Esa chica a menudo insistía en tomar cosas de otros niños. Si no conseguía lo que quería, armaba berrinches tan feroces que incluso la Matrona luchaba por disciplinarla.

Sisi supo después por la Matrona que los padres de la chica habían sido una vez dueños de prósperos negocios antes de caer en bancarrota. Abrumados por las deudas, se quitaron la vida, y la niña fue enviada al orfanato porque ningún familiar quiso acogerla.

La chica estaba acostumbrada al lujo, así que nunca se adaptó a la vida del orfanato.

La chica había sido más joven que Sisi cuando llegó, y para cuando el Sr. y la Sra. Piker la adoptaron, Sisi ya no sabía qué había sido de ella.

Pero sospechaba que el destino de la chica no había sido bueno, porque la mayoría de los adultos no toleraban tal comportamiento de princesa.

—Tengo una pregunta más, Diane —Sisi hizo una breve pausa antes de preguntar—. ¿Qué piensas de mí y del Rey Bestia?

—Ah… —Diane se tensó. Esta nueva señora era excesivamente directa, a diferencia de la mayoría de los nobles hombres bestia que hablaban de manera indirecta.

De hecho, le recordaba al propio Rey Bestia.

Él despreciaba las conversaciones frívolas y rechazaba los elogios vacíos. Una vez, incluso había despedido a un poeta hombre bestia que quería componer un himno para él. Kael afirmó que no merecía ser inmortalizado en verso.

En cambio, asignó al poeta como profesor de idiomas para jóvenes hombres bestia para que su talento no se desperdiciara.

—¿E-es realmente aceptable que responda a eso, Señora? —preguntó Diane con cautela—. Se trata de su relación privada con el Rey Bestia.

—Está bien —respondió Sisi con calma—. Solo tengo curiosidad.

Eso no era del todo cierto. También quería evitar más malentendidos, especialmente que alguien la confundiera con una segunda concubina.

Bajo la mirada firme de Sisi, Diane no tenía manera de evadir la pregunta. Tomó un respiro profundo antes de responder.

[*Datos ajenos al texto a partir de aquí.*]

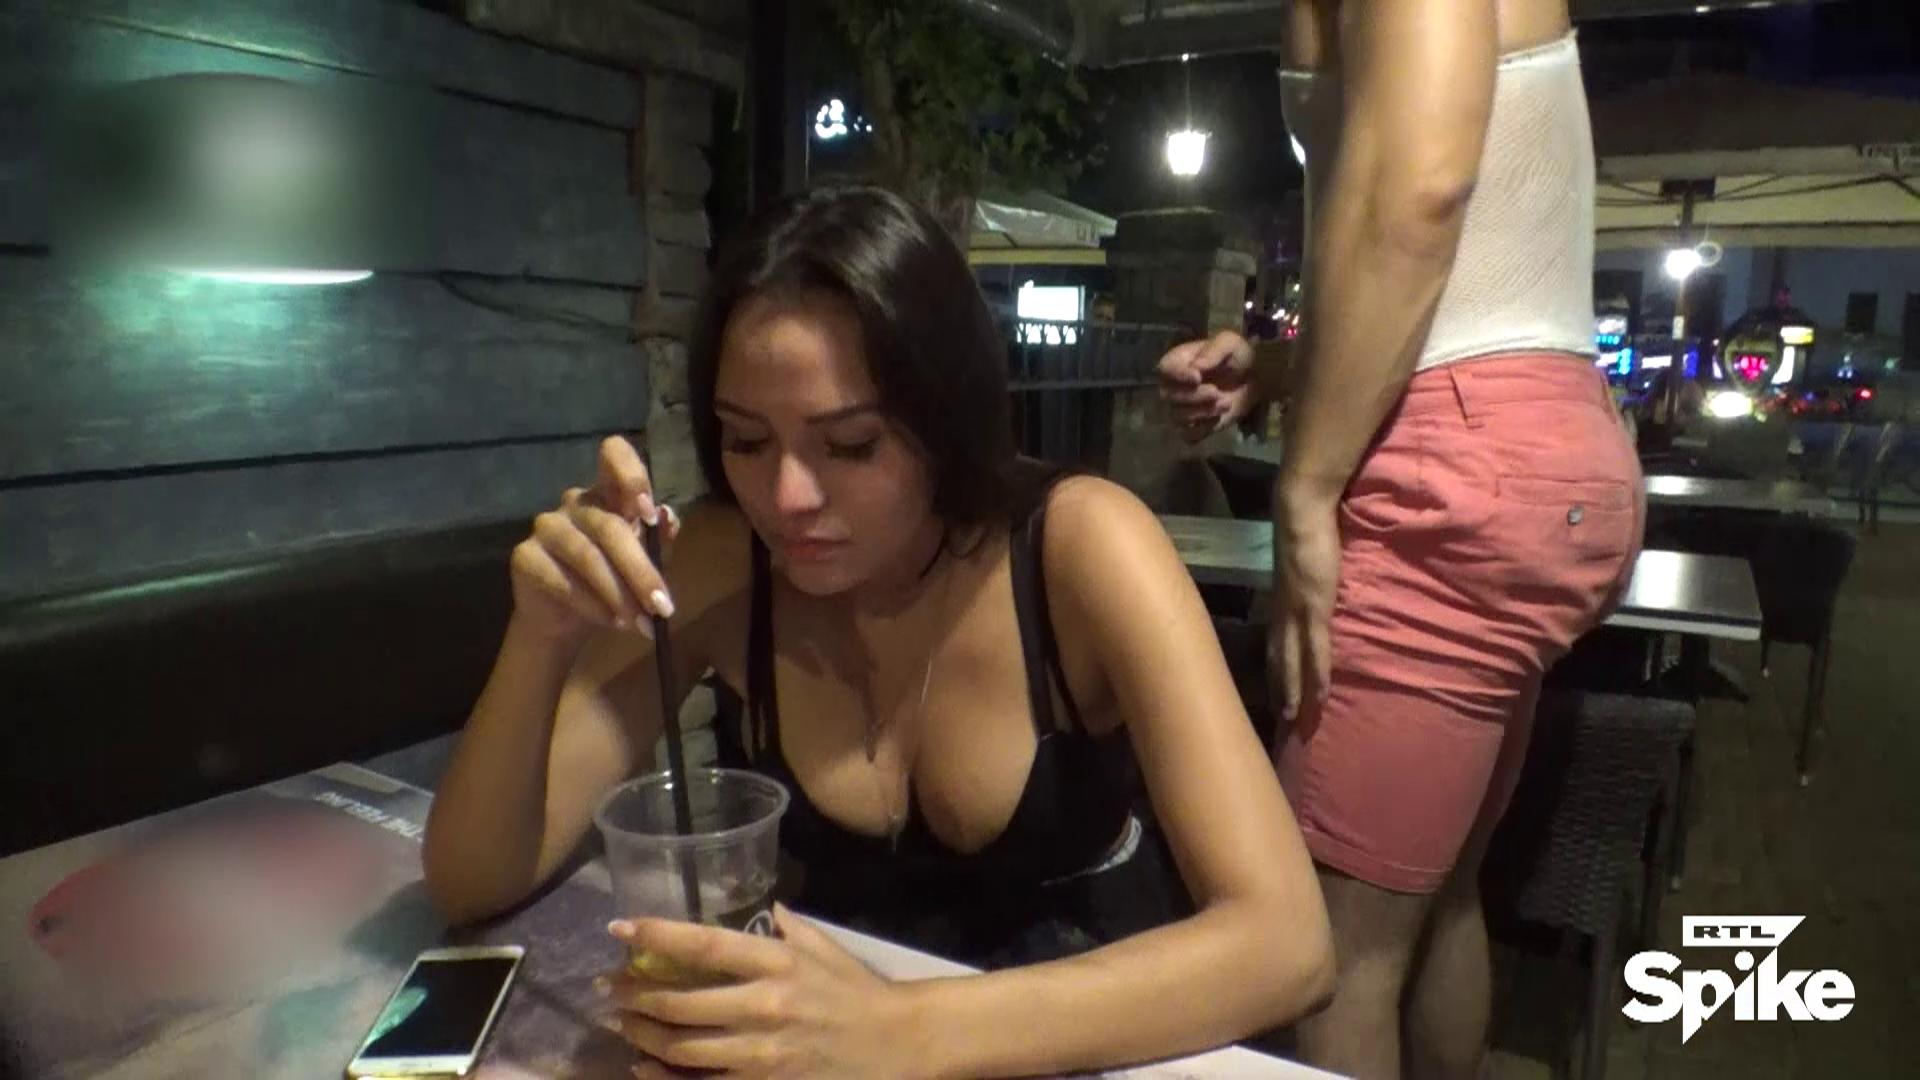 kénytelen fekete fasz pornó meleg scat pornó videók

—Creo que usted y nuestro Rey hacen buena pareja, Señora —dijo Diane—. Hay un rumor entre los sirvientes y guardias de que usted es una chica humana secuestrada por el Rey debido a su belleza. Pero viendo lo cercana que es al Pequeño Príncipe, la mayoría de nosotros dudamos de esa historia.

Sisi frunció el ceño al ser llamada hermosa. Todavía se sentía extraño, nunca habiendo sido descrita así en su vida.

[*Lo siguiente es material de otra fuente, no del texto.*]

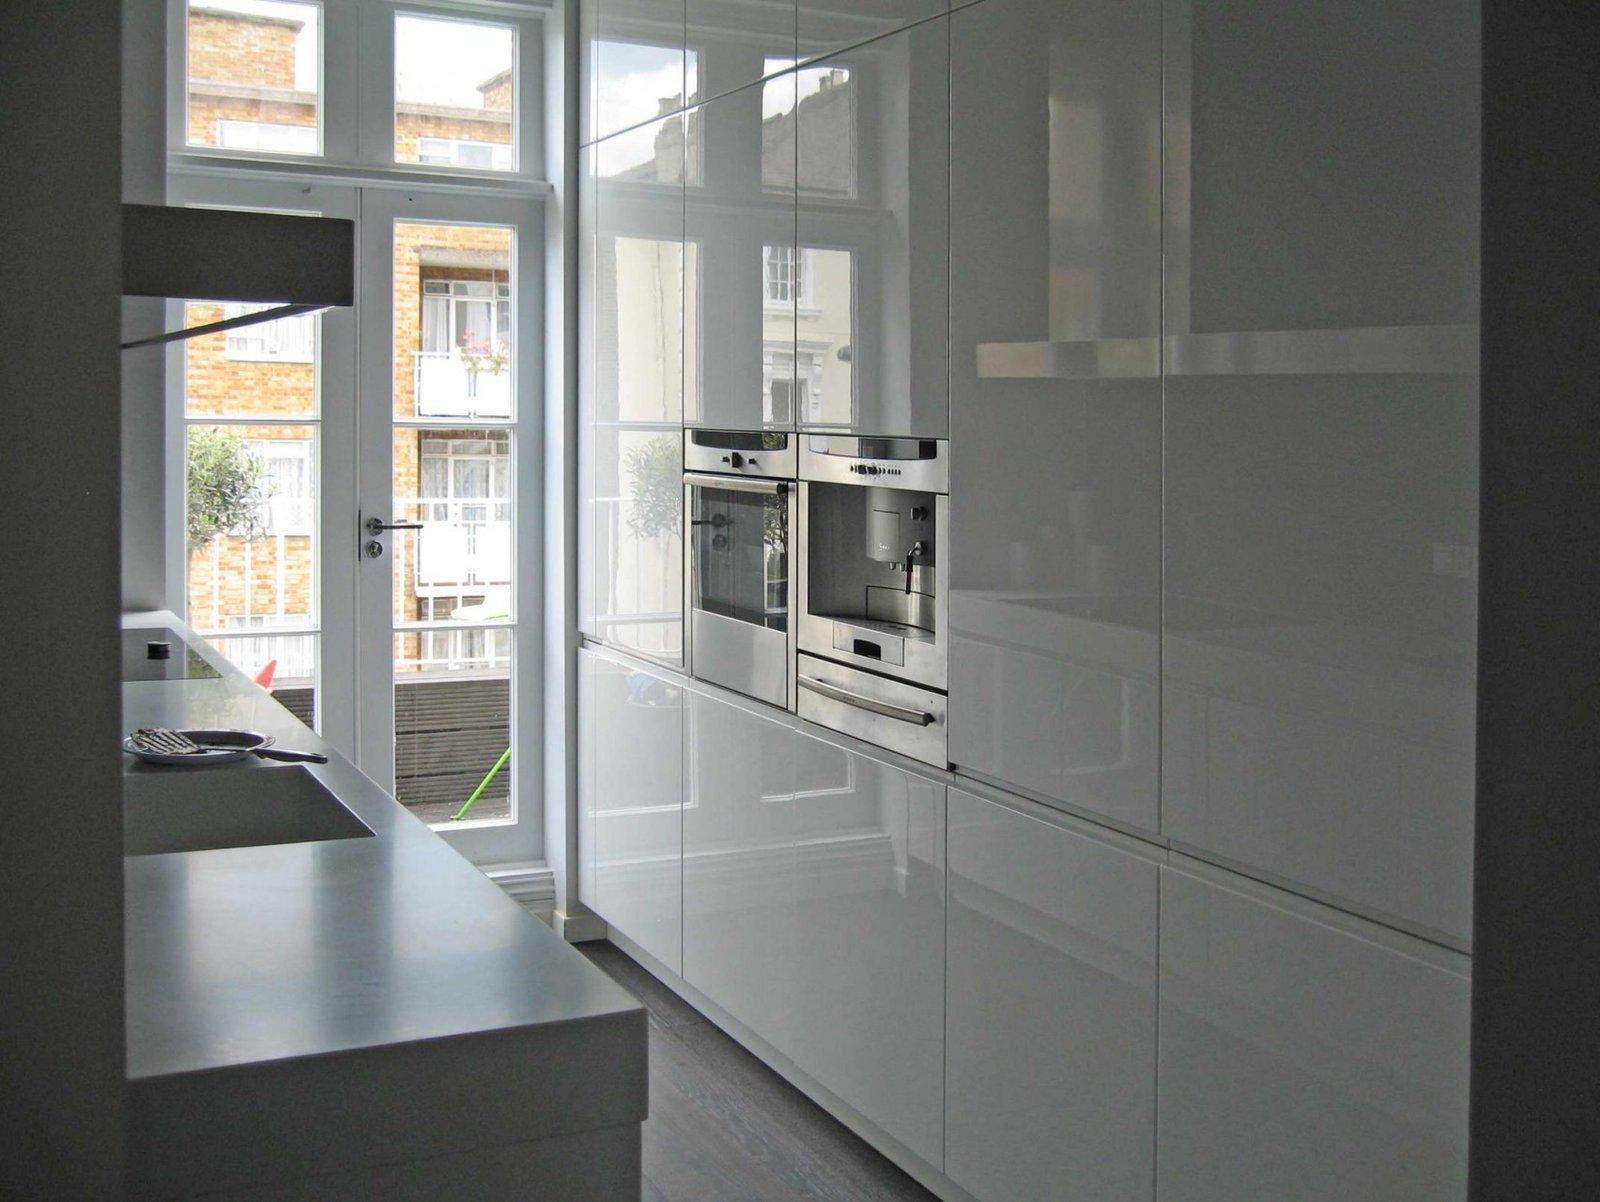 Le colonne laccate a poliestere bianco lucido poste affianco alla caratteristica porta finestra riflettono lucenze e colori.

Aun así, la belleza era subjetiva. No se molestó en refutarlo.

Lo que más le preocupaba era el rumor en sí.

—Dejé la civilización humana por mi propia voluntad —aclaró Sisi—. Me fui junto con el Pequeño Príncipe. Antes de que el Rey Bestia nos encontrara, éramos solo nosotros dos en el Bosque Roc.

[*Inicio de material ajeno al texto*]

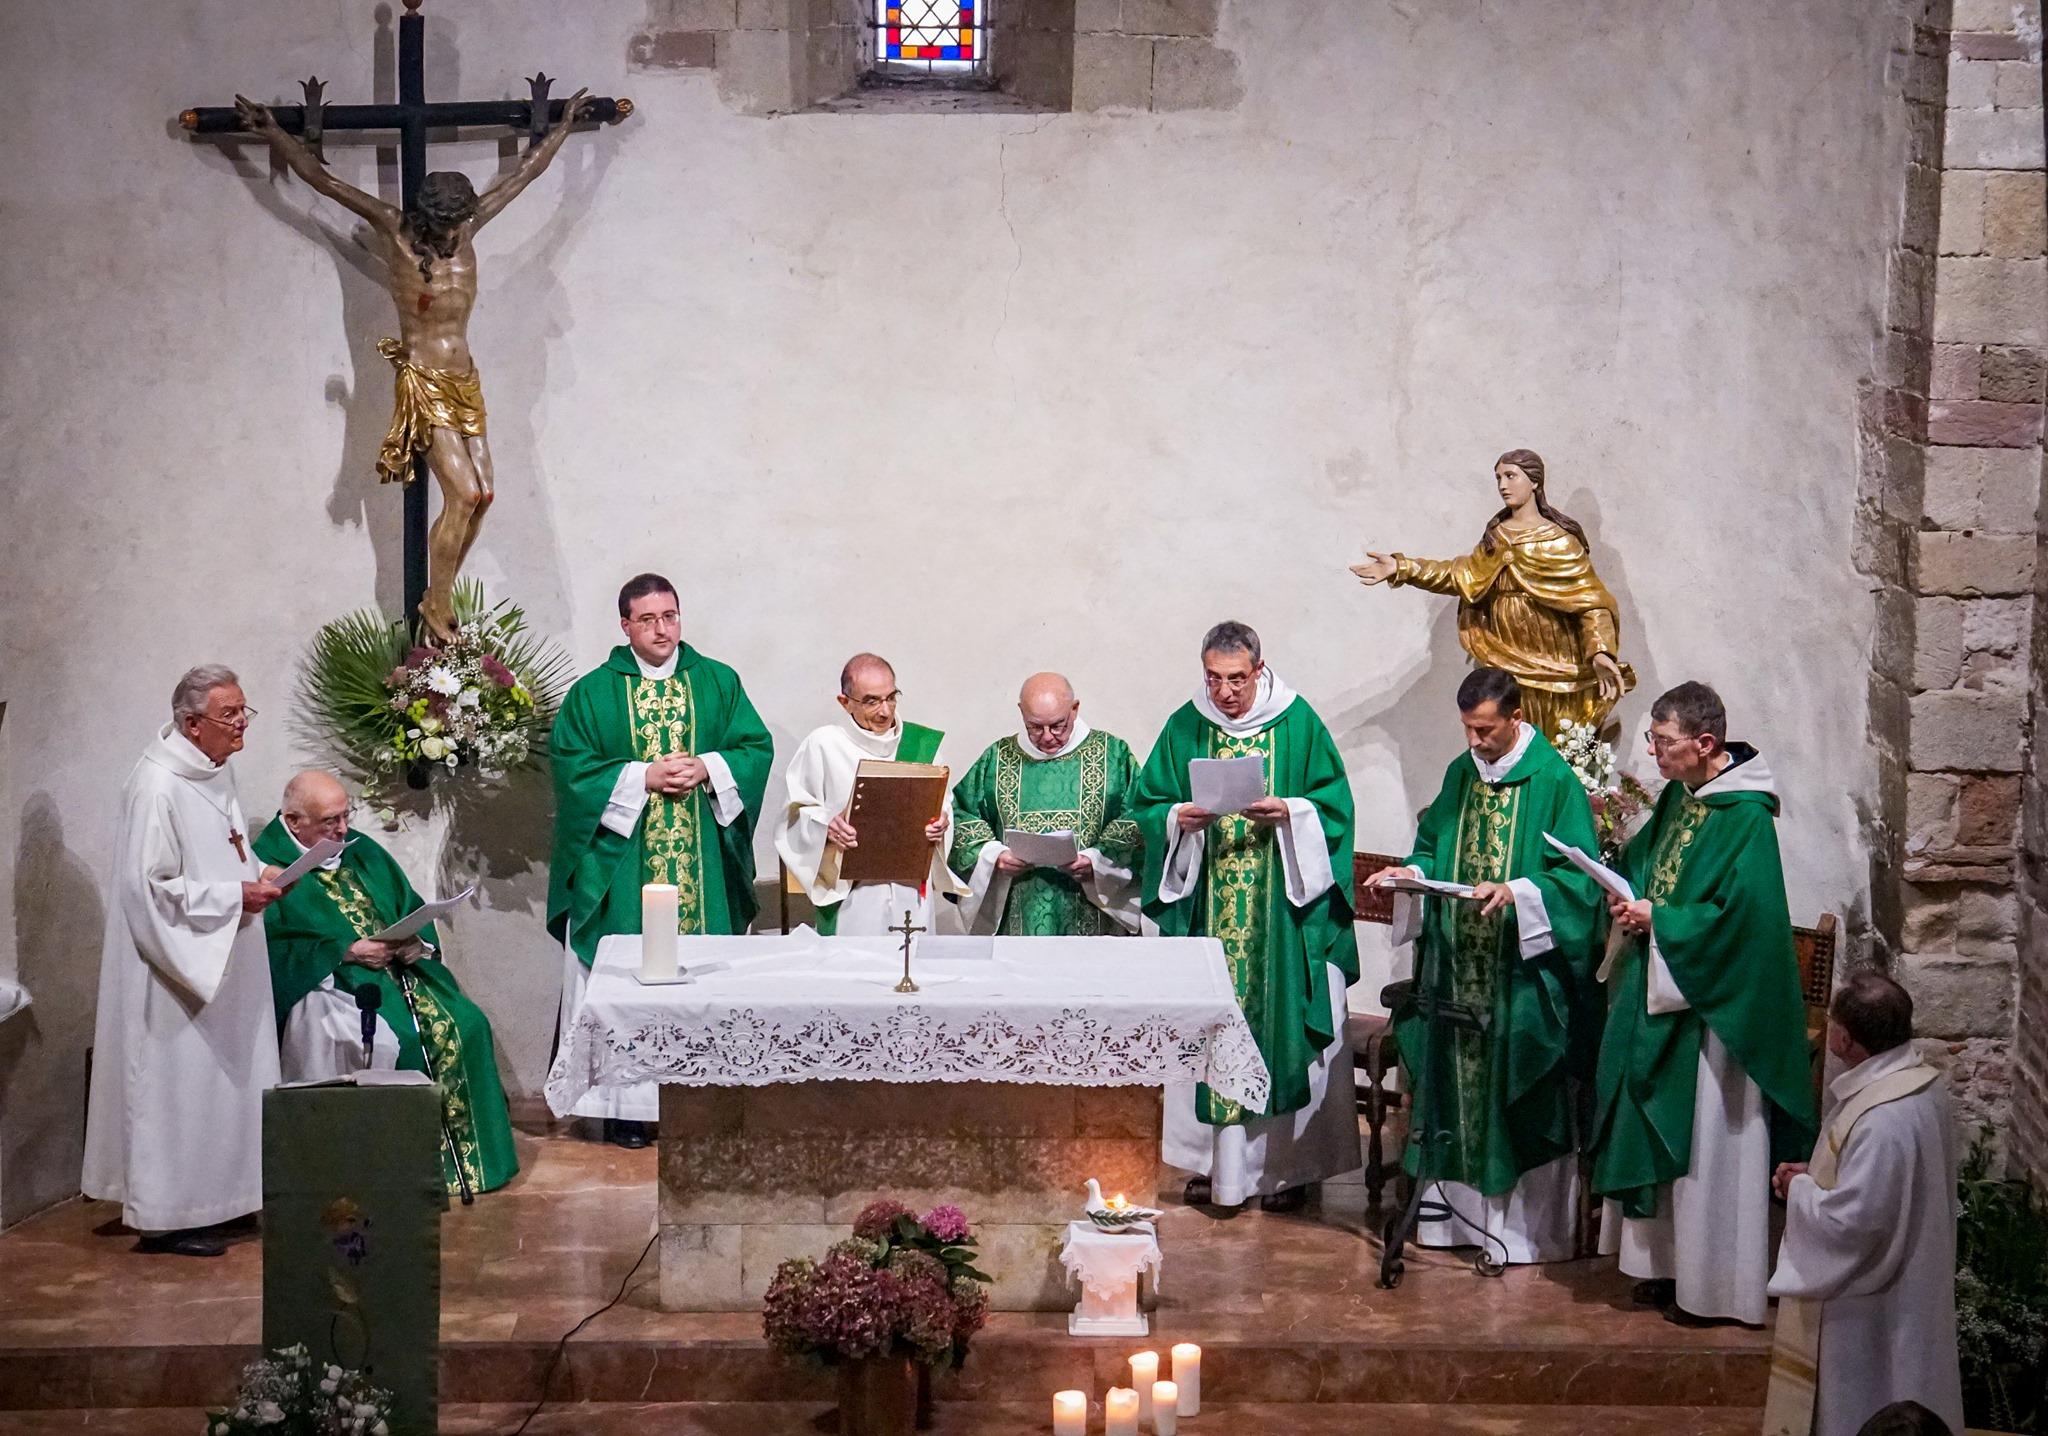 Rentrée pastorale : toutes les dates des installations des nouveaux curés

Deliberadamente omitió muchos detalles: Marik, la persecución en la ventisca, y cuán hostiles habían sido ella y Kael inicialmente el uno con el otro.

Ahora, veía a Kael como un poderoso rey… pero un padre poco confiable.

—Ya veo —murmuró Diane—. Con razón el Rey la tiene en tan alta estima. Usted es como una madre para el Pequeño Príncipe. —Dudó antes de añadir:

— Para ser honesta, Señora… también percibo una chispa entre usted y el Rey Bestia.

El ceño de Sisi se profundizó. —¿Qué quieres decir?

—He observado sus interacciones en el banquete real y aquí en el patio —admitió Diane—. Ustedes dos parecen tener una química especial, como si hubieran sido hechos el uno para el otro.